Luquet was a councilor in Melun commune before her election to the assembly.

==Biography==
Aude Luquet served as chief of staff and communications director at the town hall of Le Mée-sur-Seine before taking over as chief of staff and communications director for the Community of Municipalities of the Fontainebleau Region and the City of Avon. At the same time, she was elected Deputy Mayor of Mée-sur-Seine in charge of Local Democracy and Community Councilor for the Melun Val de Seine urban area. In 2008, Aude Luquet was elected Regional Councilor for Île-de-France and Municipal Councilor in Melun. She continued her local involvement with the Vallées et Châteaux community of municipalities, first as chief of staff and communications director, then as director general of services for the Brie des Rivières et Châteaux community of municipalities until the 2017 legislative elections, which she won for the Democratic Movement (France) in the 1st district of Seine-et-Marne.

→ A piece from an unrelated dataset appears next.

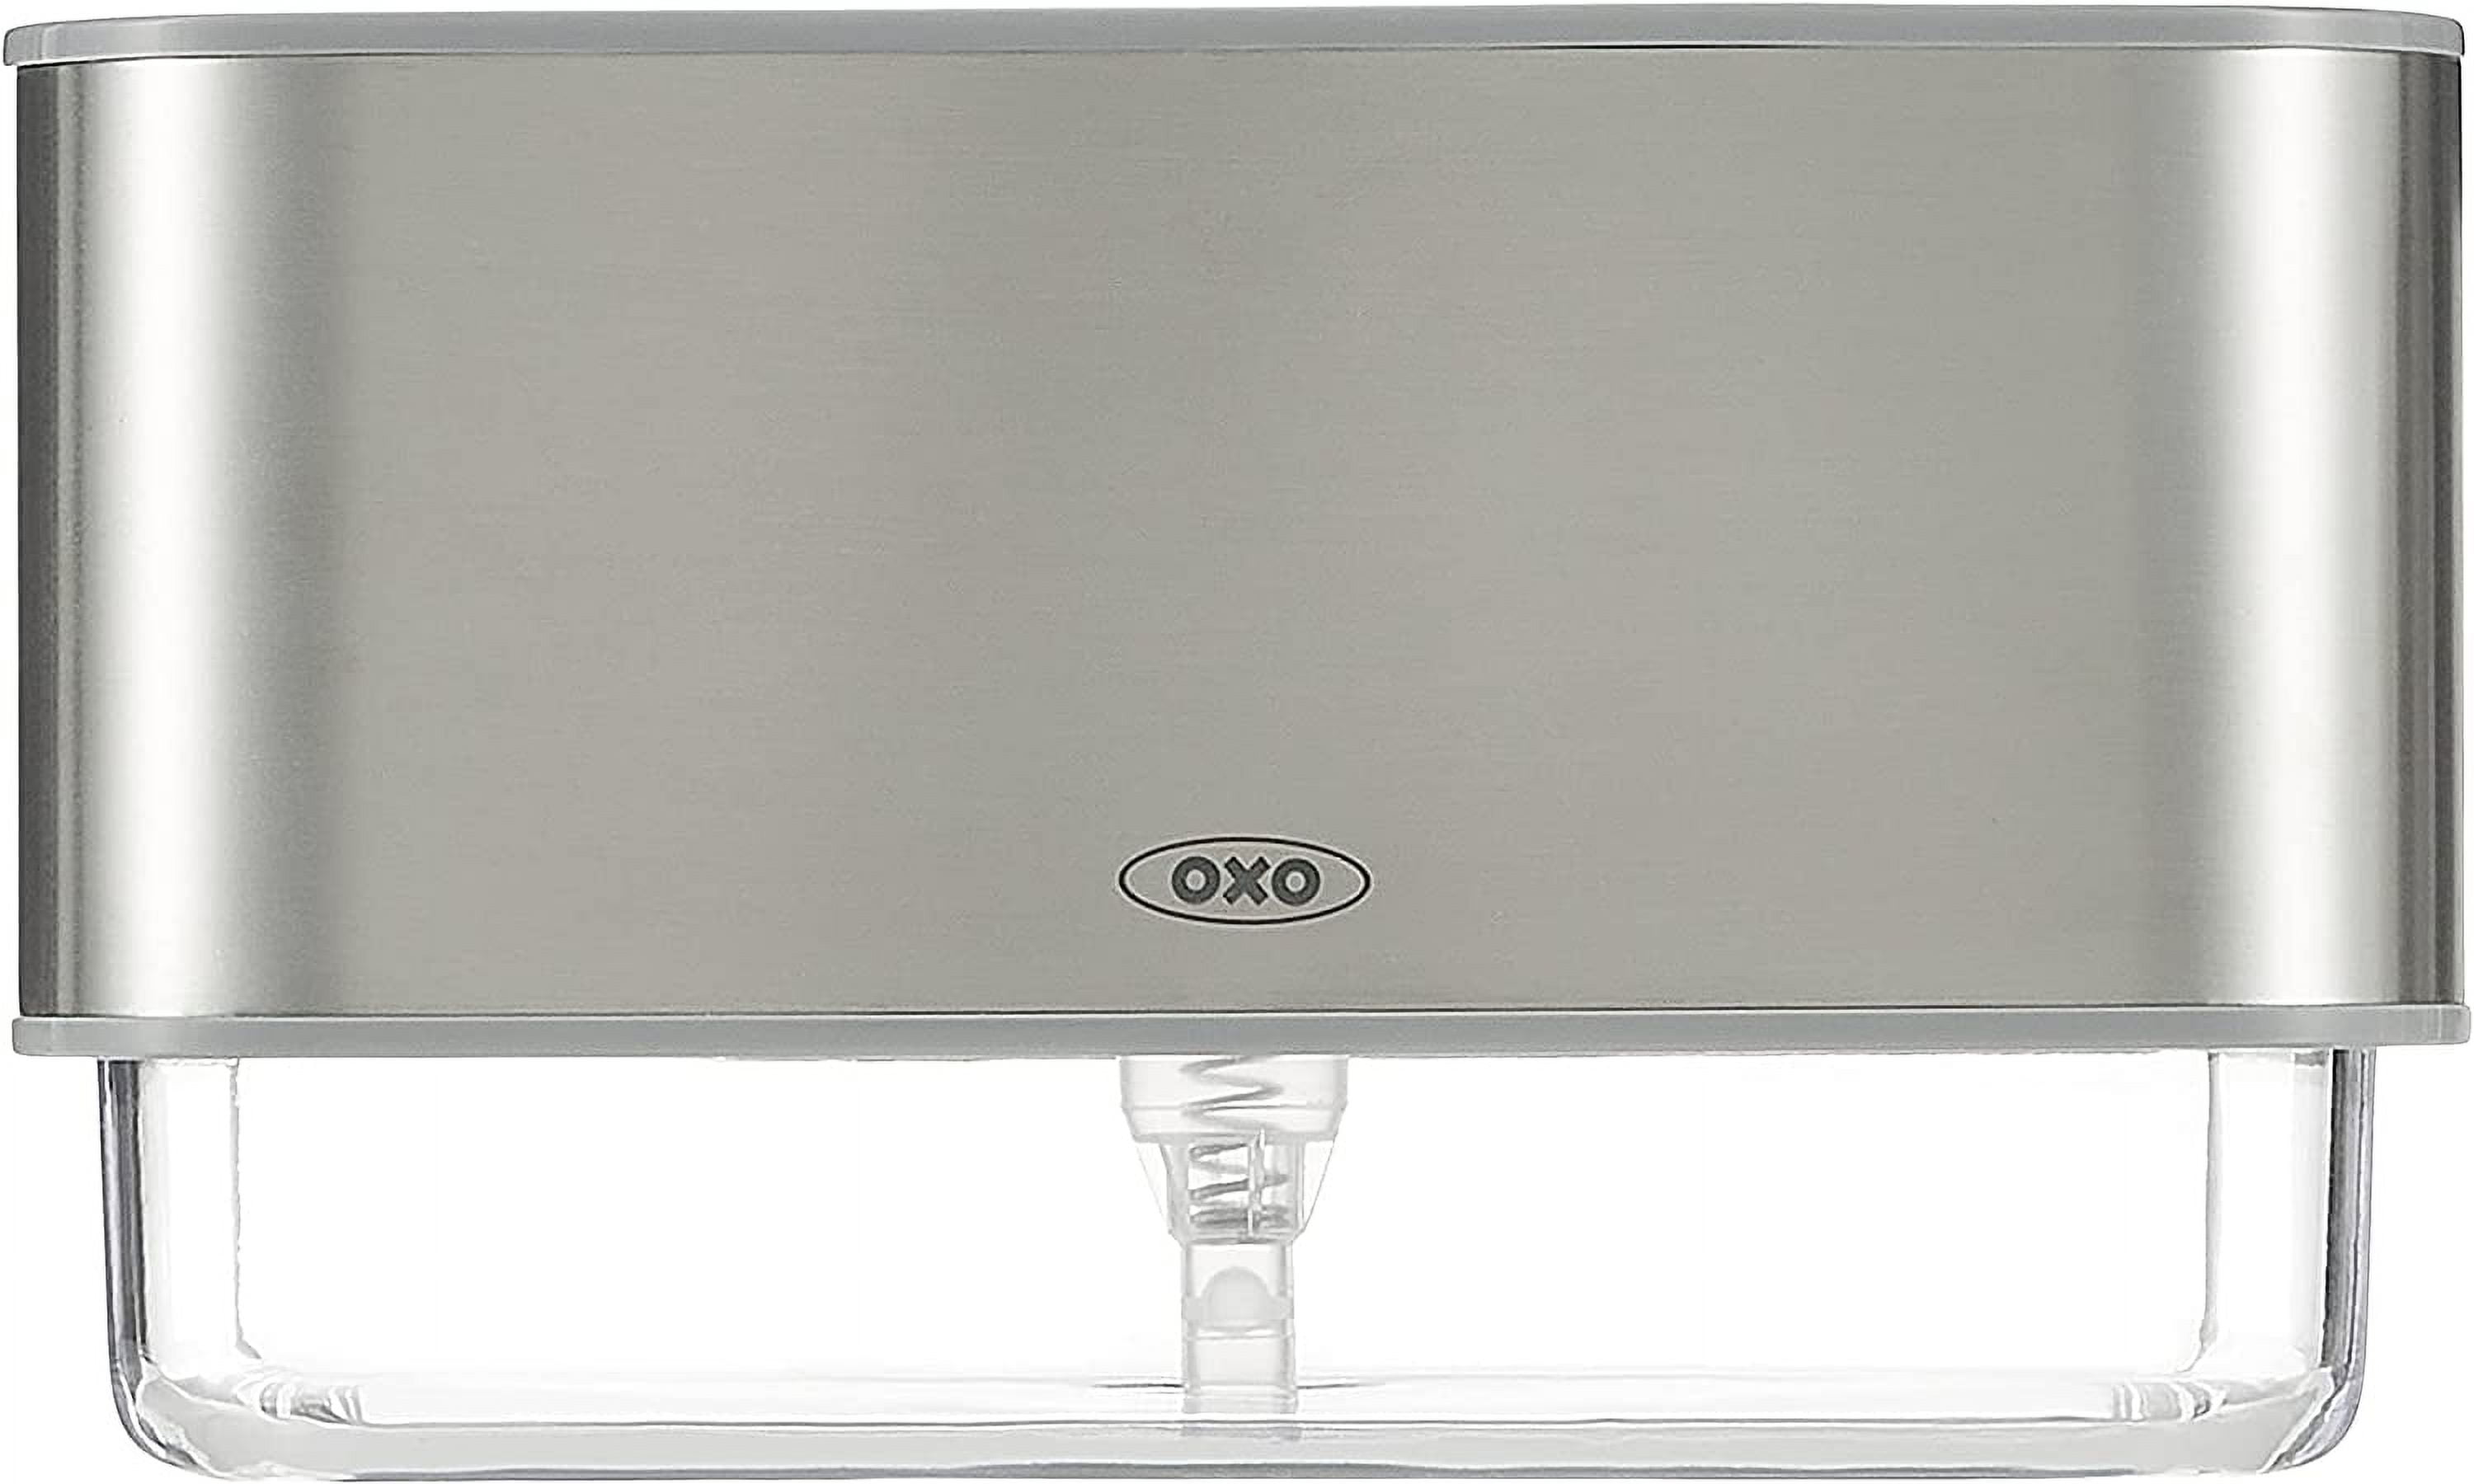 OXO GG SOAP DISPENSING DISH SPONGE - Main Street Kitchens

During the 2024 legislative elections, with only 159 votes separating the New Popular Front and the LR-RN alliance, Aude Luquet also declared that she would remain in the race: "There may be instructions from the majority, but we also have our discussions within the Democratic Movement. I am in third place, of course, but we are not far apart." She was defeated in a three-way race by Arnaud Saint-Martin.

Following this defeat, in January 2025, she was appointed interministerial coordinator for gender equality in overseas territories, despite having no direct connection to these territories. She reportedly has “family in New Caledonia” and “denies any political intervention or reappointment”.